◆ **ASSIGNMENT**: Restate word for word all of the lines below, with each image left out.

◆ **GIVEN INFORMATION**:
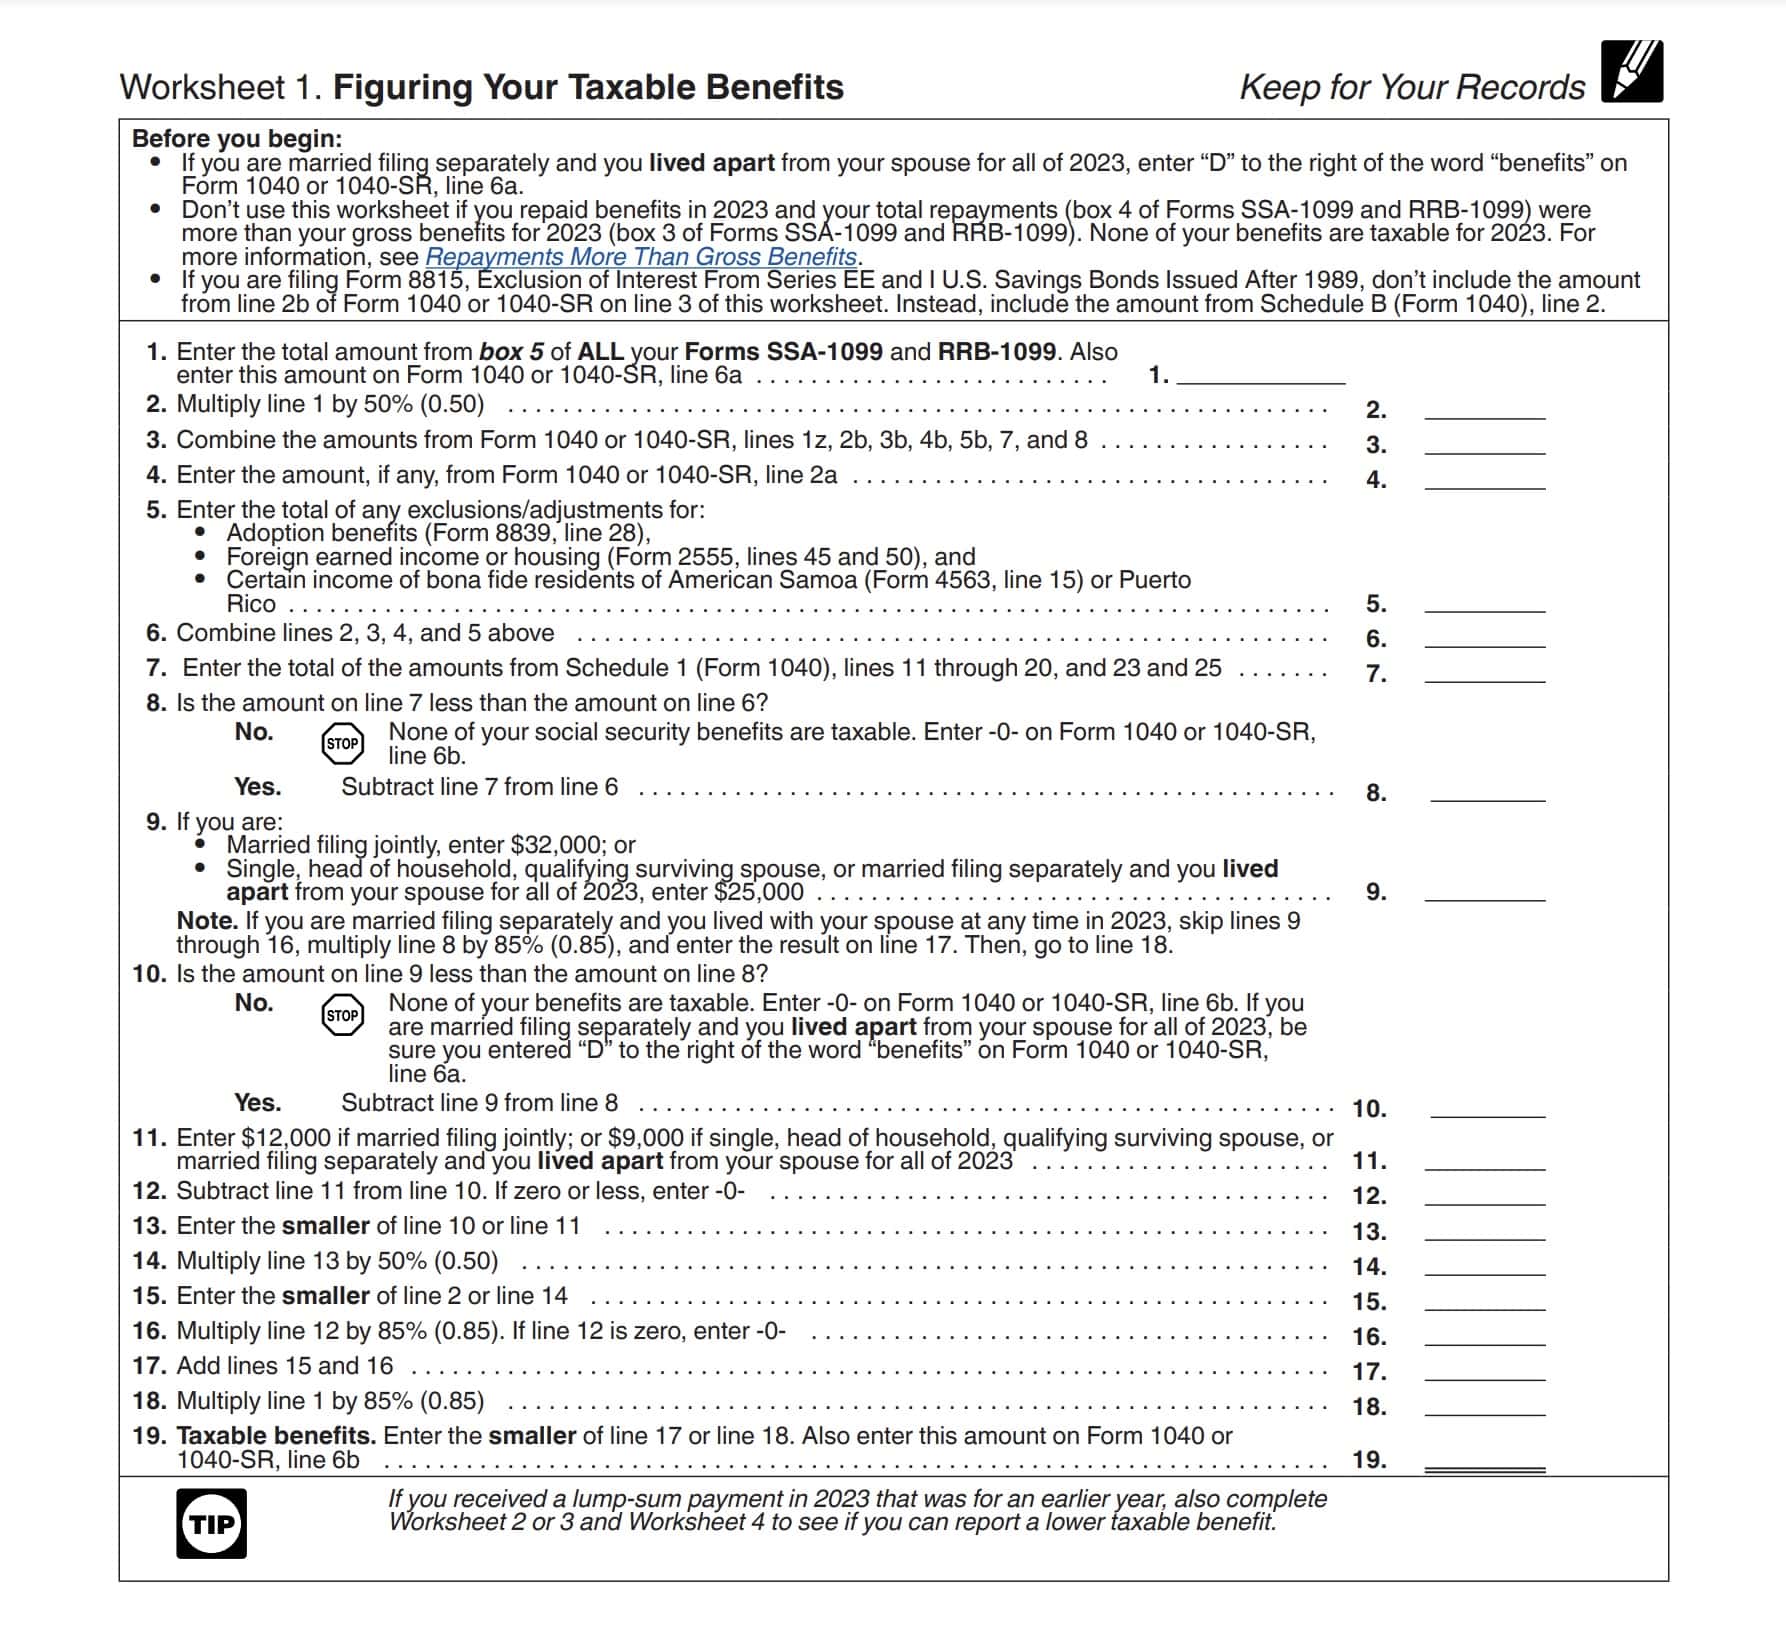 worksheet 1: figuring your taxable benefits
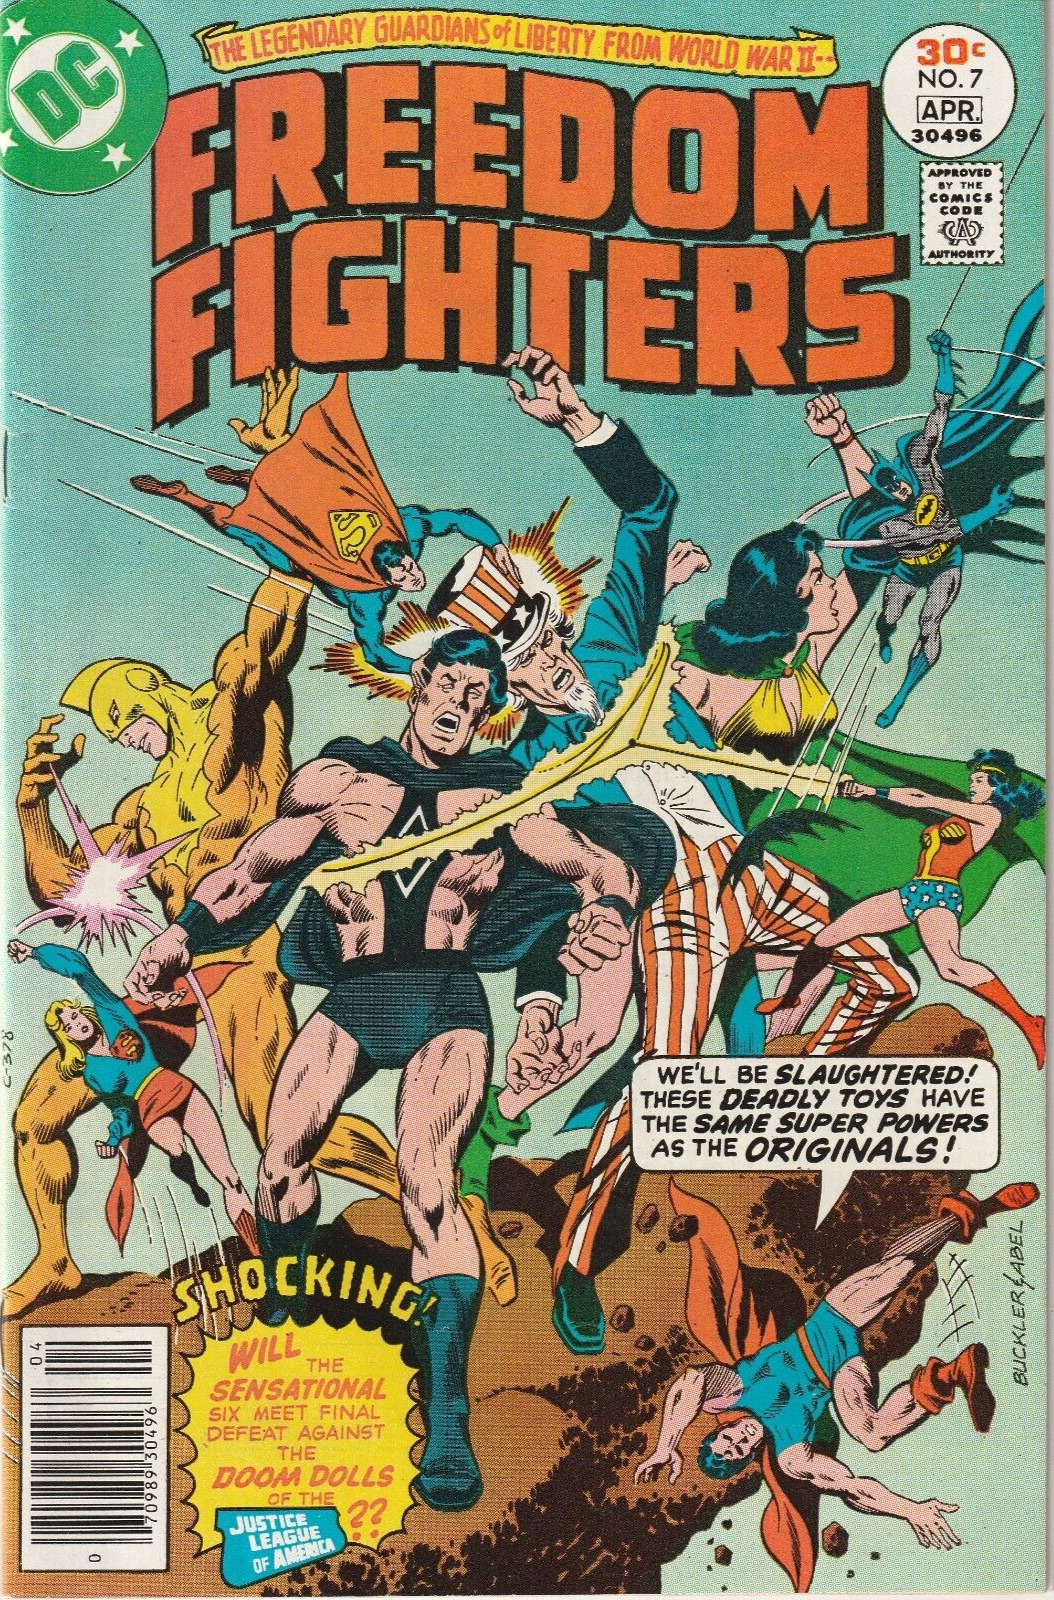 FREEDOM FIGHTERS #7   THE CRUSADERS * THE ELF  DC  1977  NICE!!!
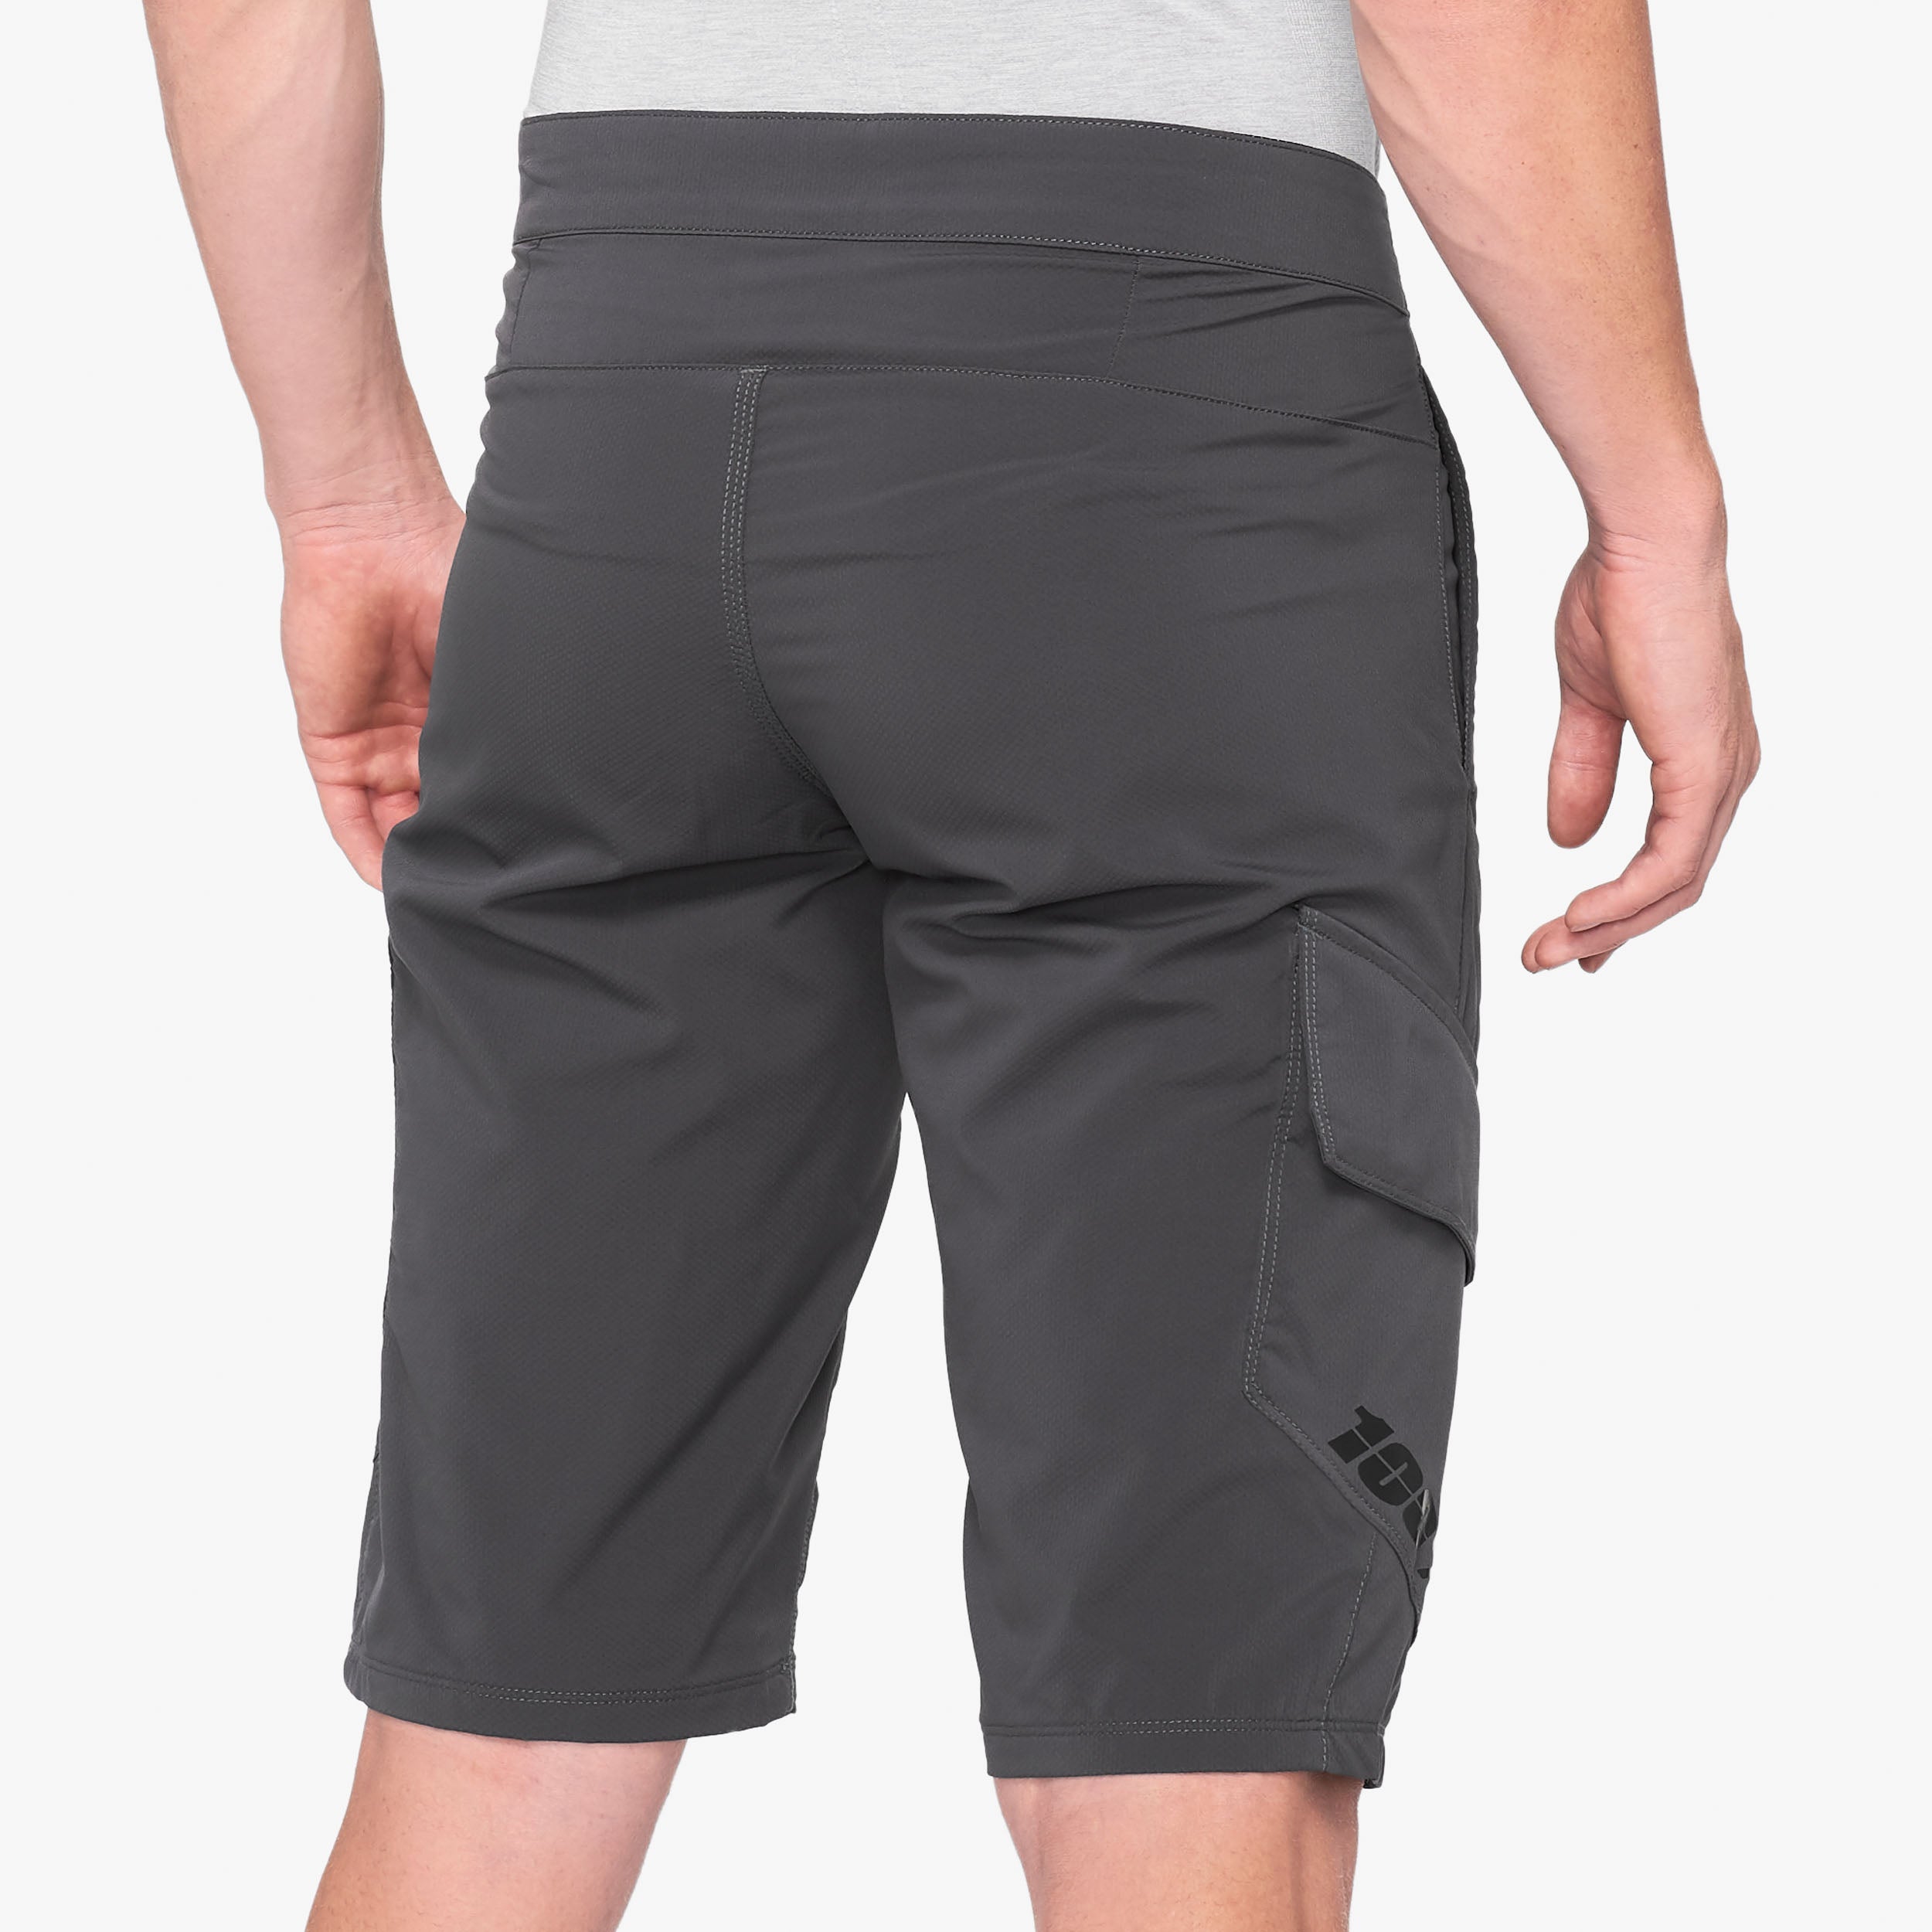 RIDECAMP Shorts - Charcoal - Secondary

◆ **WRITTEN SOLUTION**:
 worksheet 1: figuring your taxable benefits
 FREEDOM FIGHTERS #7   THE CRUSADERS * THE ELF  DC  1977  NICE!!!
 RIDECAMP Shorts - Charcoal - Secondary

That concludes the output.